Top of EXERCISE DATA

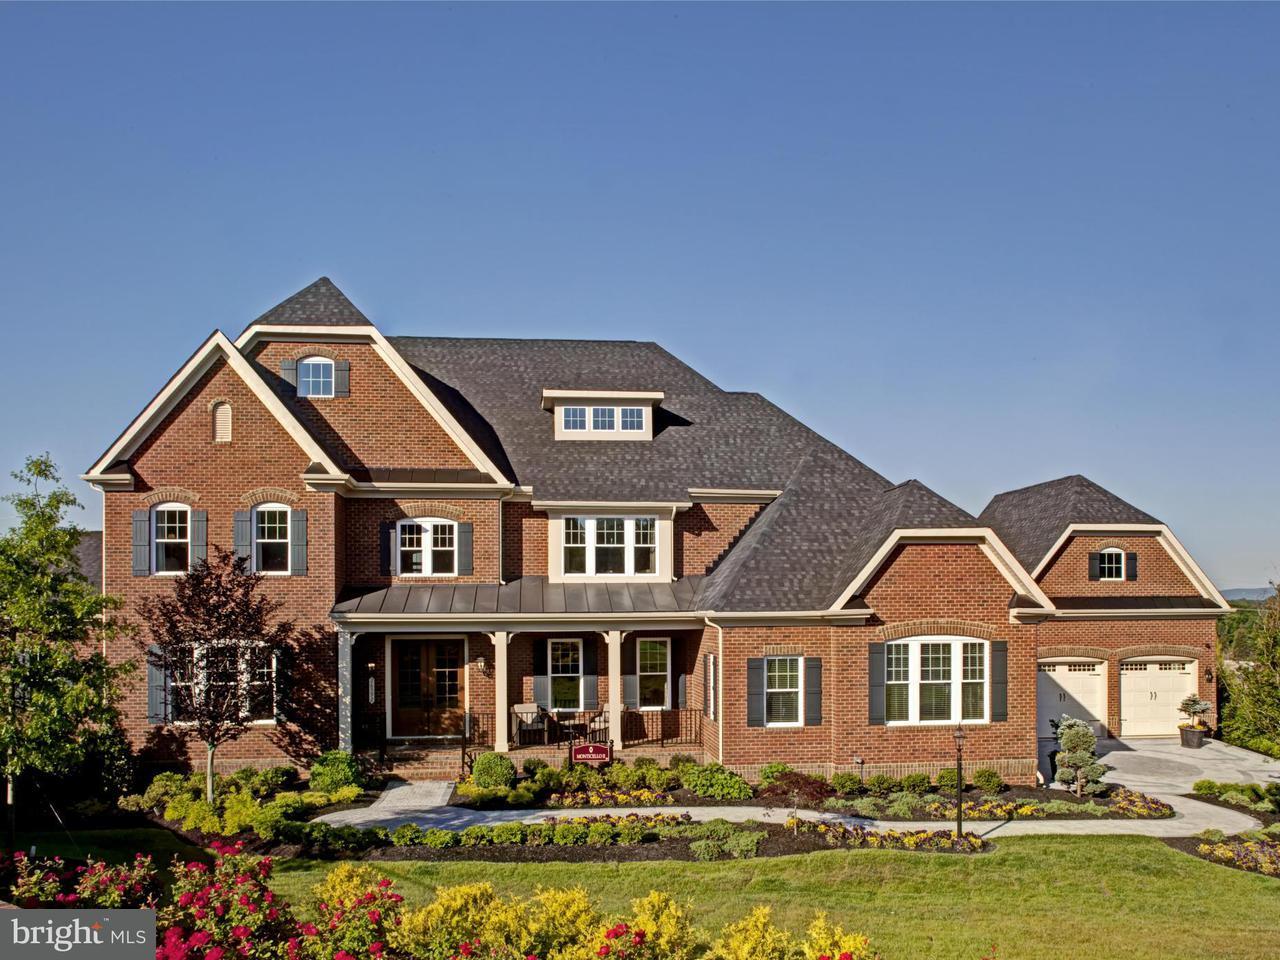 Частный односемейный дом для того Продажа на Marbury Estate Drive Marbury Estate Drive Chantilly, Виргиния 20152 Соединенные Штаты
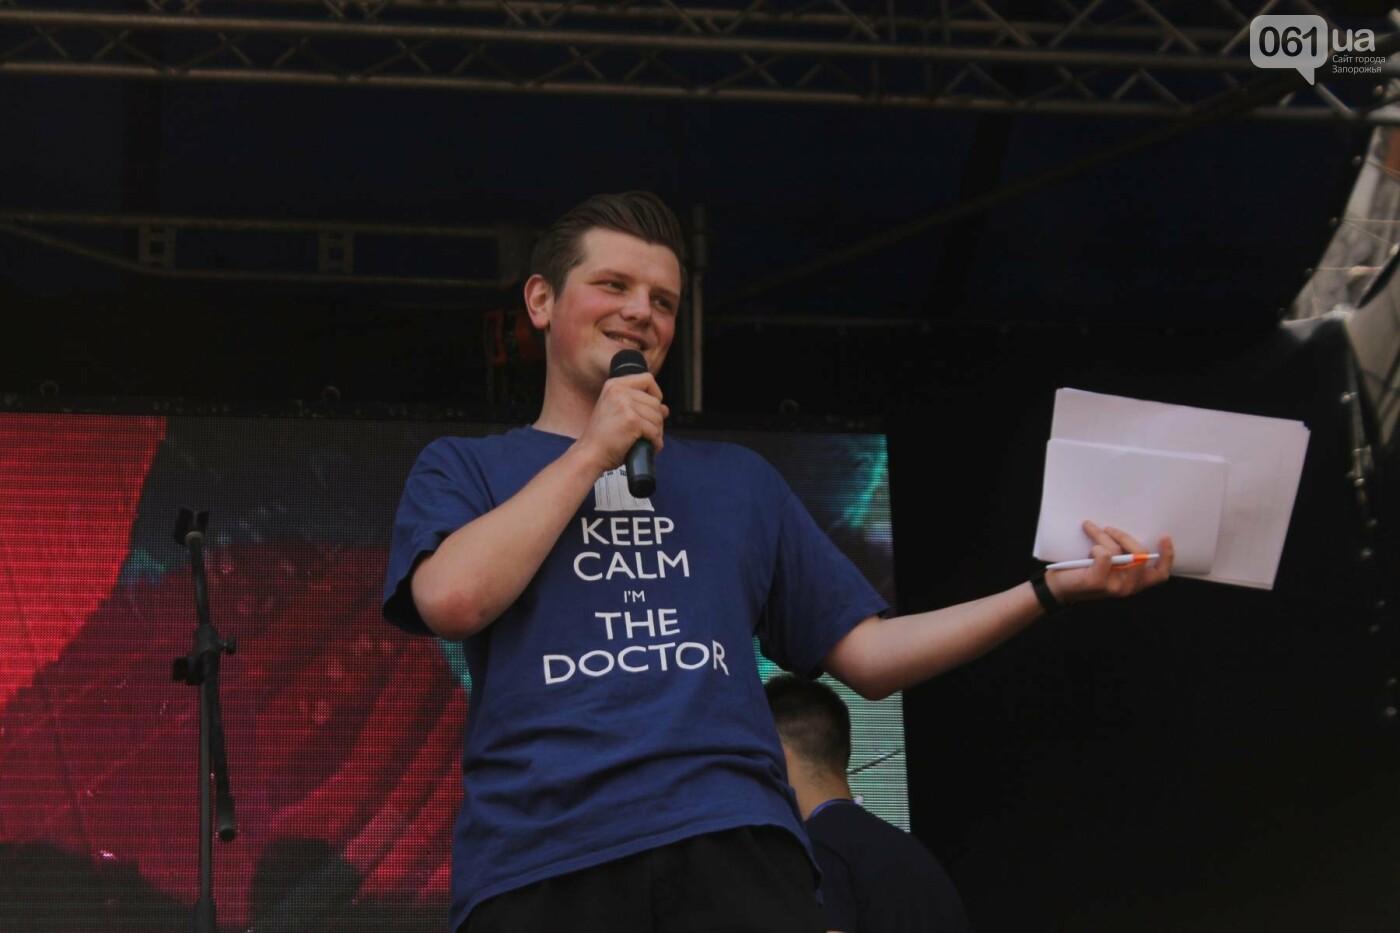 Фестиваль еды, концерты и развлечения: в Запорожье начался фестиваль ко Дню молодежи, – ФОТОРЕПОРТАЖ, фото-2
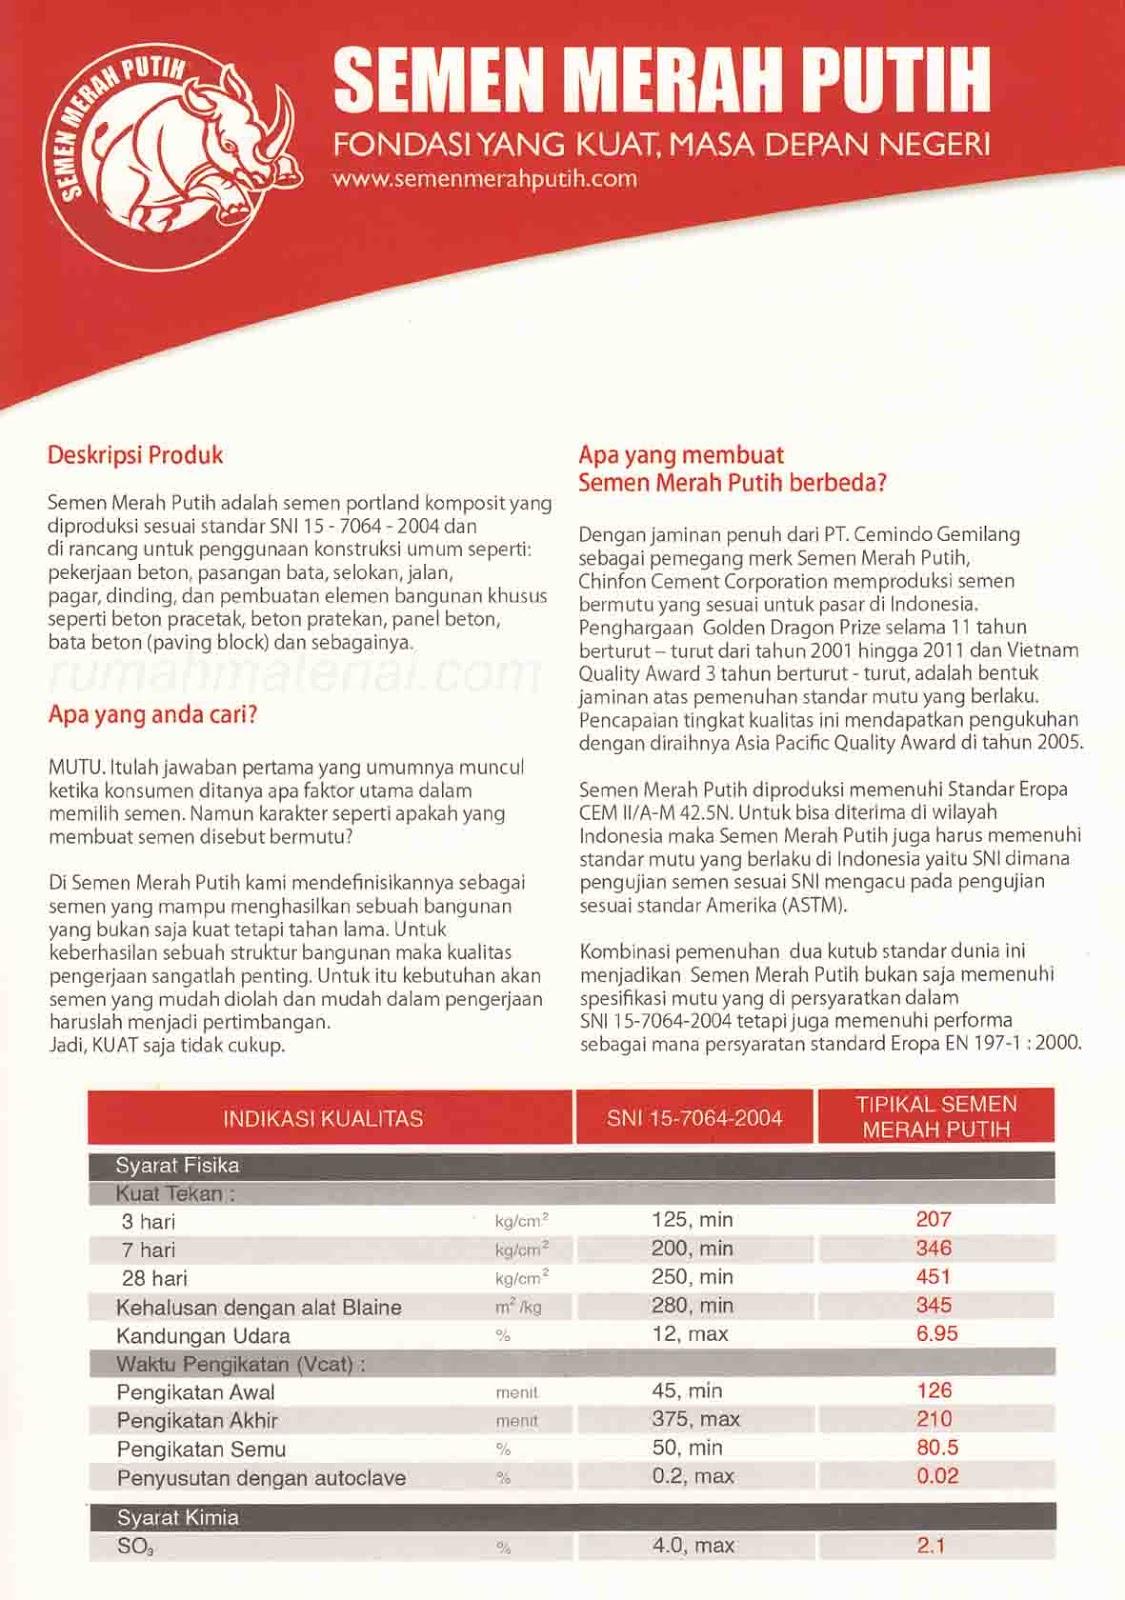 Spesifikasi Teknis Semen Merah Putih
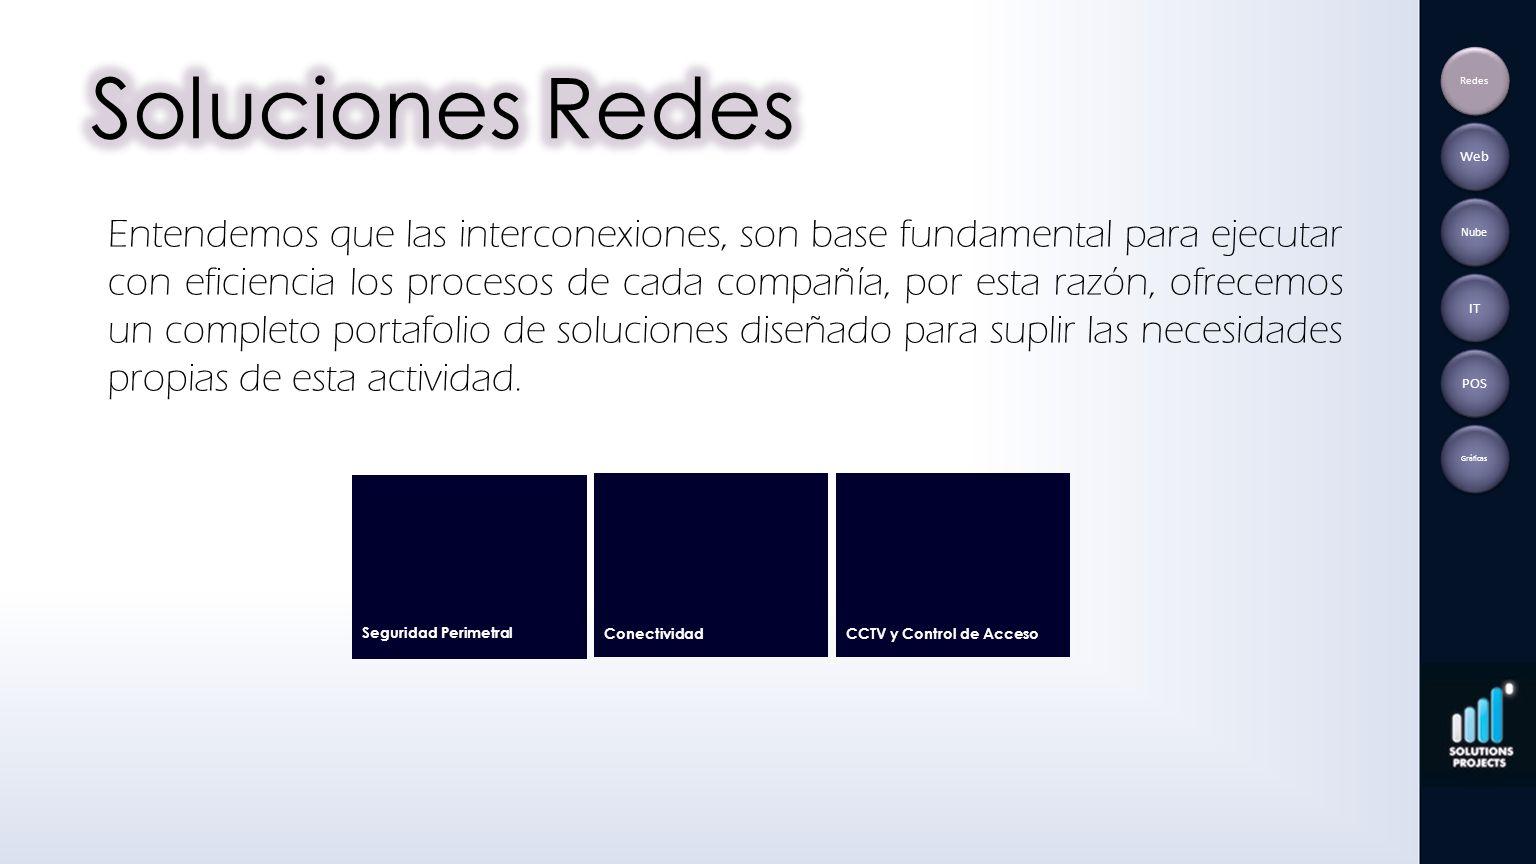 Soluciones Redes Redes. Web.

Bottom of EXERCISE DATA

Only the pictures are to be dropped; all other material above must be repeated exactly.

● EXERCISE OUTPUT
 Частный односемейный дом для того Продажа на Marbury Estate Drive Marbury Estate Drive Chantilly, Виргиния 20152 Соединенные Штаты
 Фестиваль еды, концерты и развлечения: в Запорожье начался фестиваль ко Дню молодежи, – ФОТОРЕПОРТАЖ, фото-2
 Spesifikasi Teknis Semen Merah Putih
 Soluciones Redes Redes. Web.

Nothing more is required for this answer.